We’ve heard it from fellow data scientists and experienced it ourselves - learning a programming language is hard. Like learning a foreign language, it is not just about mastering vocabulary. It’s also about learning the language’s norms, its underlying structure, and the metaphors that hold the whole thing together.

The beginning of the learning journey is particularly challenging because it feels slow. If you have experience as an educator or consultant, you already have efficient solutions you use in your day-to-day work. Introducing code to your workflow slows you down at first because you won’t be as fast as you are with your favorite spreadsheet software. However, you’re probably reading this book because you realize that learning how to analyze data using R is like investing in your own personal infrastructure–it takes time while you’re building the initial skills, but the investment pays off when you start solving complex problems faster and at scale. One person we spoke with shared this story about their learning journey:

“The first six months were hard. I knew how quickly I could do a pivot table in Excel. It took longer in R because I had to go through the syntax and take the book out. I forced myself to do it, though. In the long-term, I’d be a better data scientist. I’m so glad I thought that way, but it was hard the first few months.”

Our message is this: learning R for your education job is doable, challenging, and rewarding all at once. We wrote this book for you because we do this work every day. We’re not writing as education data science masters. We’re writing as people who learned R and data science after we chose education. And like you, improving the lives of students is our daily practice. Learning to use R and data science helped us do that. Join us in enjoying all that comes with R and data science – both the challenge of learning and the joy of solving problems in creative and efficient ways.

2.1 Different Strokes for Different Data Scientists in Education

As we learned in the introduction, it’s tough to define data science in education because people are educated in all kinds of settings and in all kinds of age groups. Education organizations require different roles to make it work, which creates different kinds of data science uses. A teacher’s approach to data analysis is different from an administrator’s or an operations manager’s perspective.

We also know that learning data science and R is not in the typical job description. Most readers of this book are educators working with data and looking to expand their tools. You might even be an educator who doesn’t work with data, but you’ve discovered a love for learning about the lives of students through data. Either way, learning data science and R is probably not in your job description.

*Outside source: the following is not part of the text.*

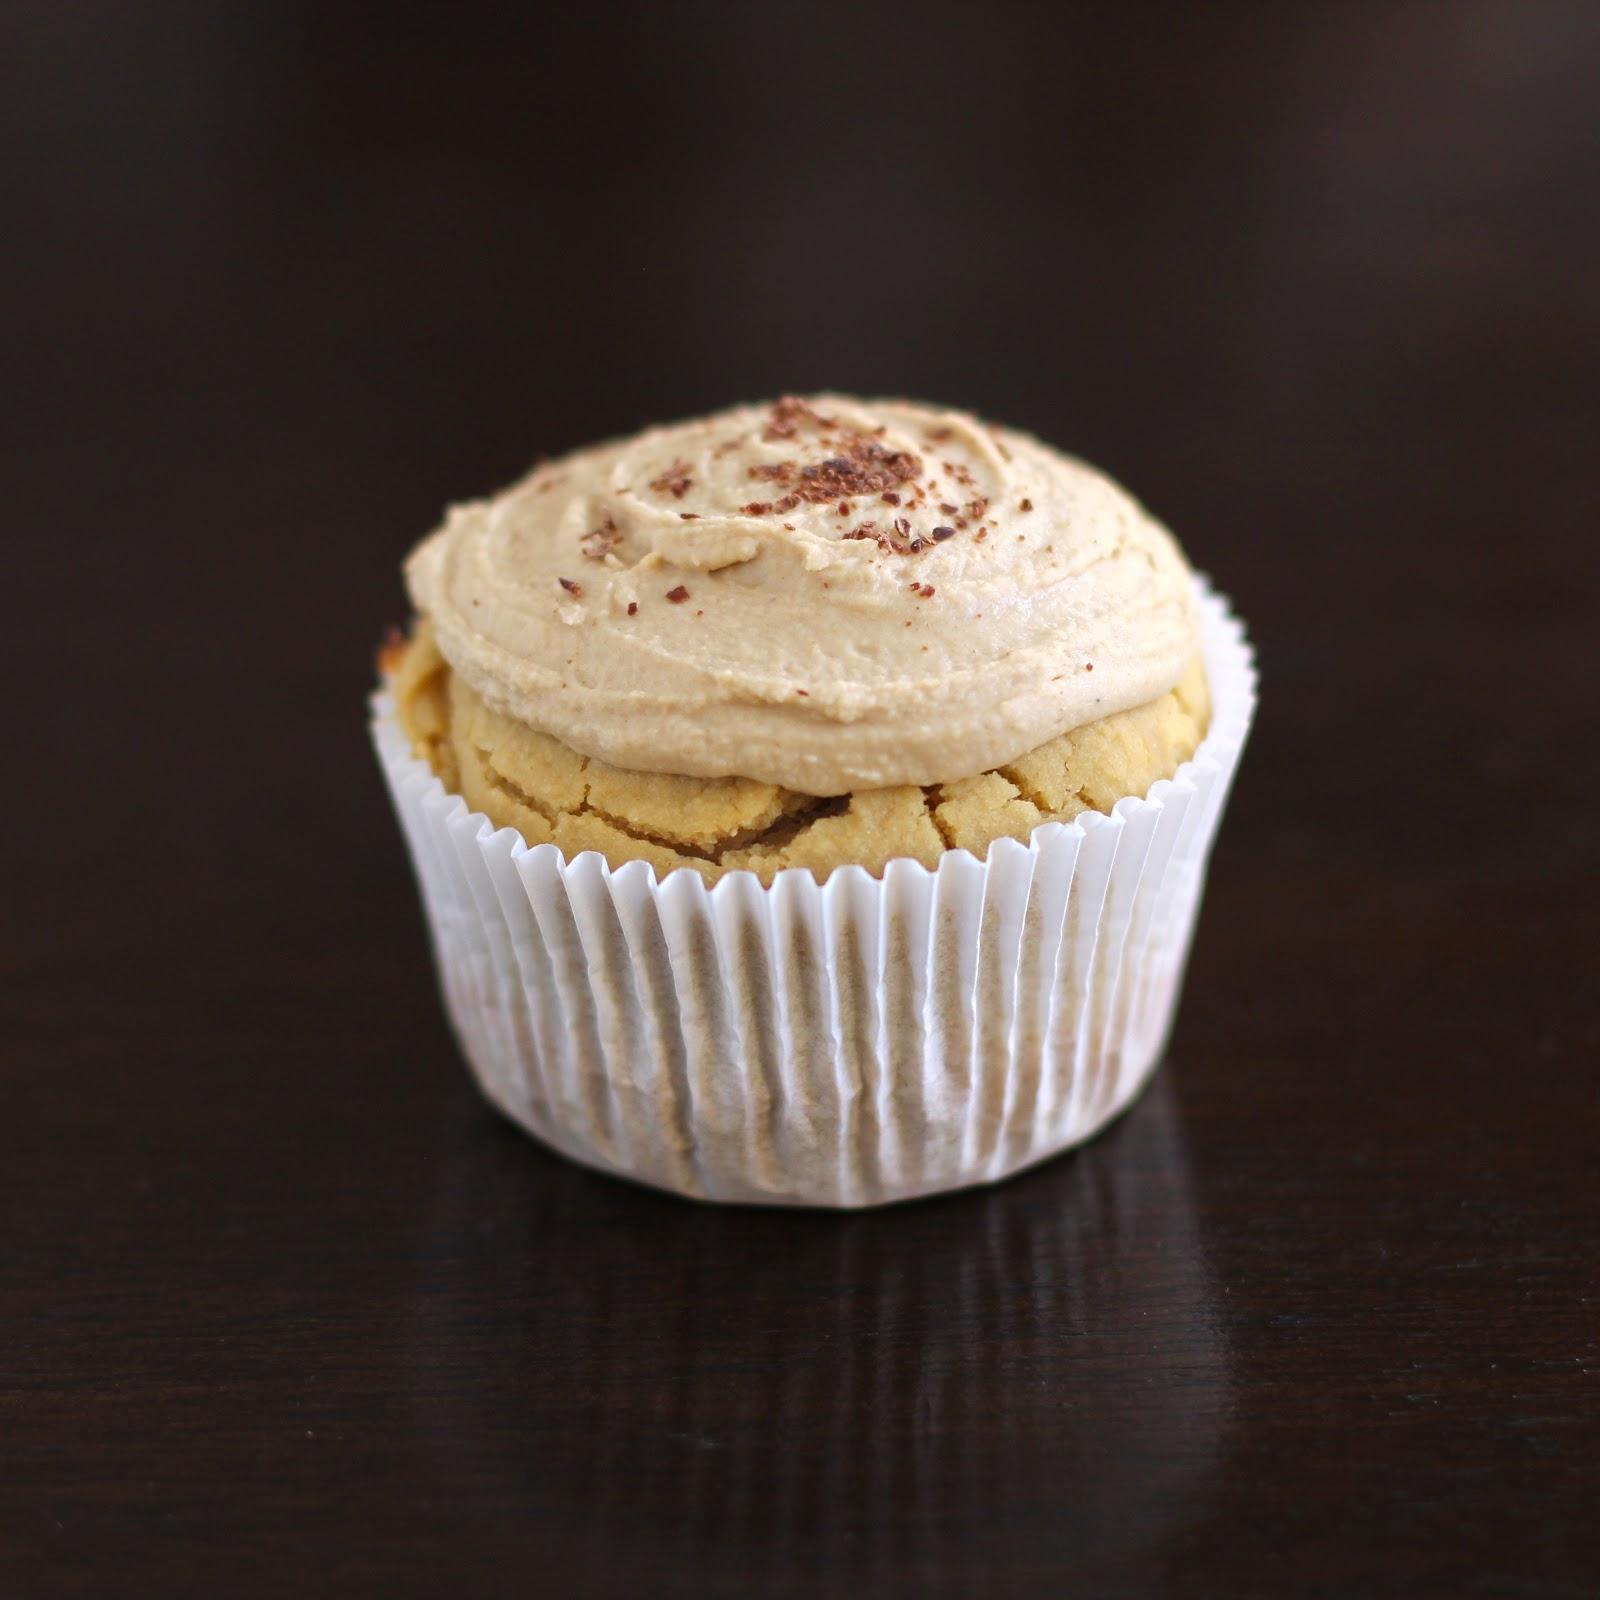 Healthy Vanilla Toffee Quinoa Cupcakes (gluten free, vegan)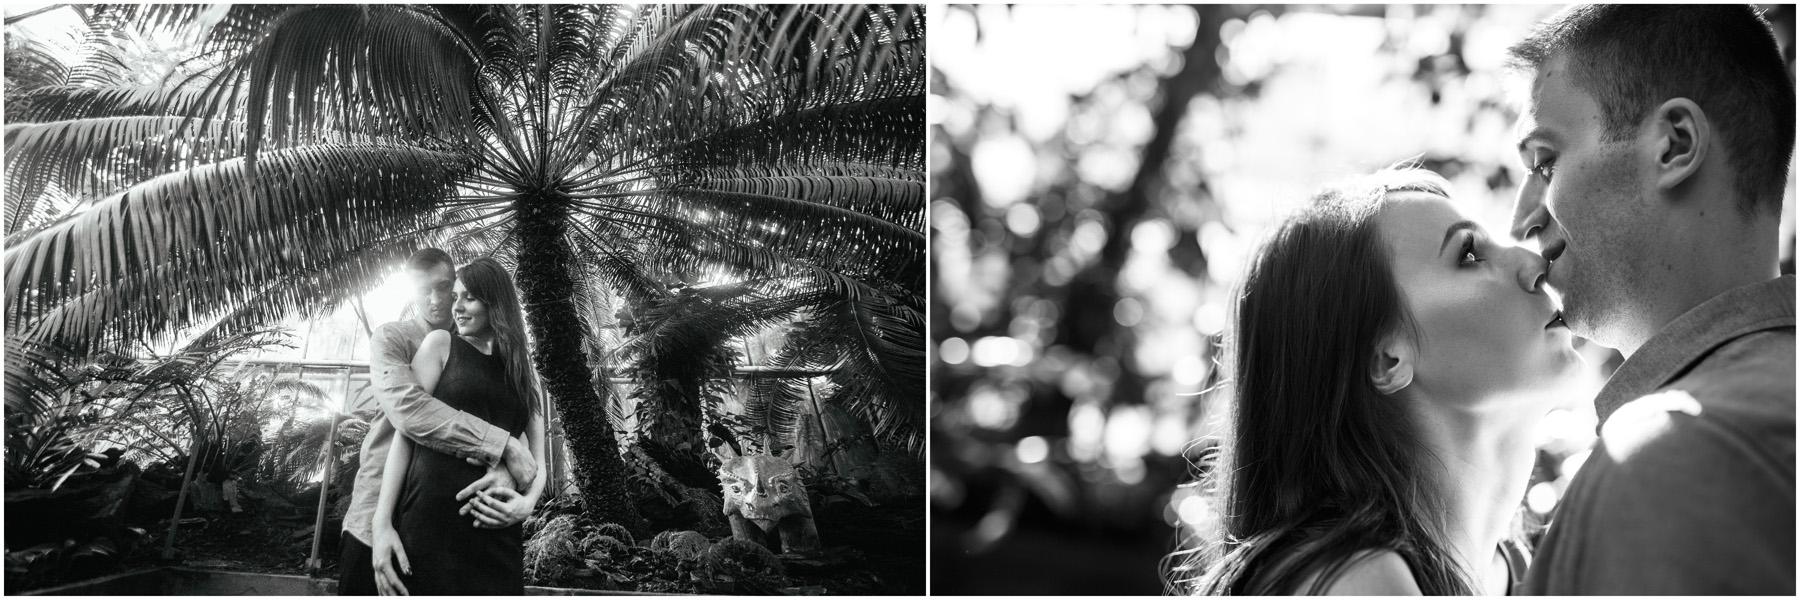 Monika & Damian | sesja w palmiarni 23

Like most professionals in education, you’ve got a full work schedule and challenging demands in the name of improving the student experience. Your busy workday doesn’t include regular professional development time or self-driven learning. You also have a life outside of work, including family, hobbies, and relaxation. We struggle with this ourselves, so we’ve designed this book to be used in lots of different ways. The important part in learning this material is to establish a routine that allows you to engage and practice the content every day, even if for just a few minutes at a time. That will make the content ever-present in your mind and will help you shift your mindset so you start seeing even more opportunities for practice.

We want all readers to have a rewarding experience, and so we believe there should be different ways to use this book. Here are some of those ways:

2.1.1 Read the Book Cover to Cover (and How to Keep Going)

We wrote this book assuming you’re at the start of your journey learning R and using data science in your education job. The book takes you from installing R to practicing more advanced data science skills like text analysis.

If you’ve never written a line of R code, we welcome you to the community! We wrote this book for you. Consider reading the book cover to cover and doing all the analysis walkthroughs. Remember that you’ll get more from a few minutes of practice every day than you will from long hours of practice every once in awhile. Typing code every day, even if it doesn’t always run, is a daily practice that invites learning and a-ha moments. We know how easy it is to avoid coding when it doesn’t feel successful (we’ve been there), so we’ve designed the book to deliver frequent small wins to keep the momentum going. But even then, we all eventually hit a wall in our learning. When that happens, take a break and then come back and keep coding. When daily coding becomes a habit, so does the learning.

If you get stuck in an advanced chapter and you need a break, try reviewing an earlier chapter. You’ll be surprised at how much you learn from reviewing old material with the benefit of new experience. Sometimes that kind of back-to-basics attitude is what we need to get a fresh perspective on new challenges.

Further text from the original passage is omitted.